Jagadish Jamboti, Cynthia H Forrest

Research output: Contribution to journalArticlepeer-review

6 Citations (Scopus)


BACKGROUND: Fabry disease (FD) is a rare X-linked deficiency of lysosomal enzyme alpha-galactosidase (AGAL) resulting in accumulation of globotriaosylceramide (Gb-3) in the cells, with protean manifestations. Major organs affected are the kidneys, heart and nervous system. The diagnosis of FD is often delayed by many years.
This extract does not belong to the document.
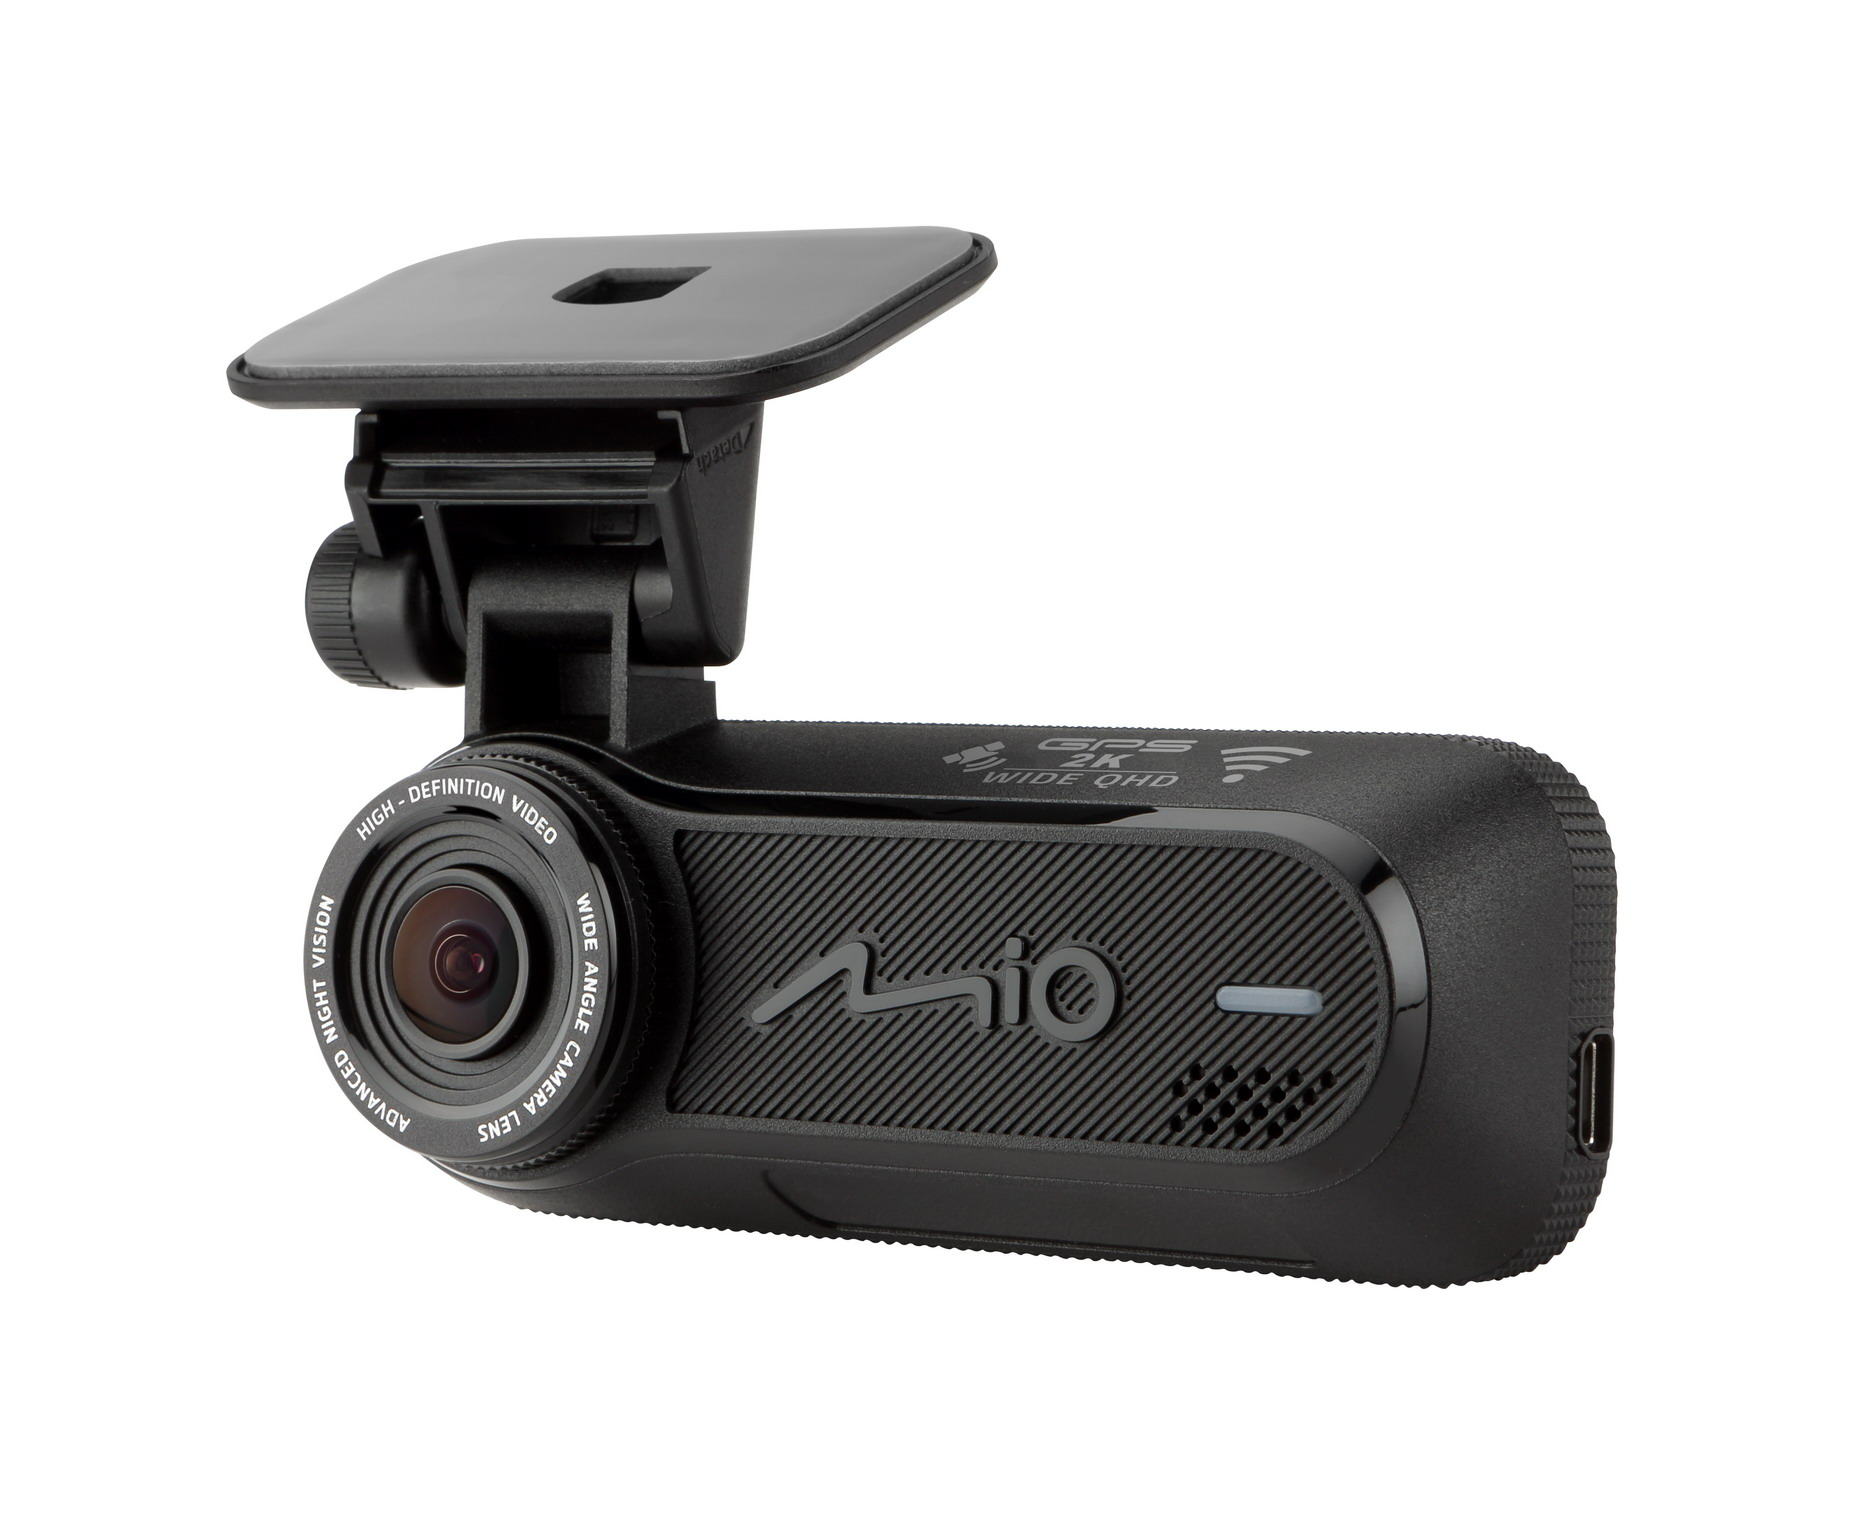 Kamera do auta Mio MiVue J85 WIFI 2.5K QHD

Enzyme replacement started early might reverse the organ damage while delayed initiation may only stabilize the disease progression.

CASE PRESENTATION: We describe a patient in whom involvement of different organs unfolded at different times and a detailed review of history by the clinician led to the diagnosis. The importance of electron microscopy (EM) of renal biopsy is highlighted.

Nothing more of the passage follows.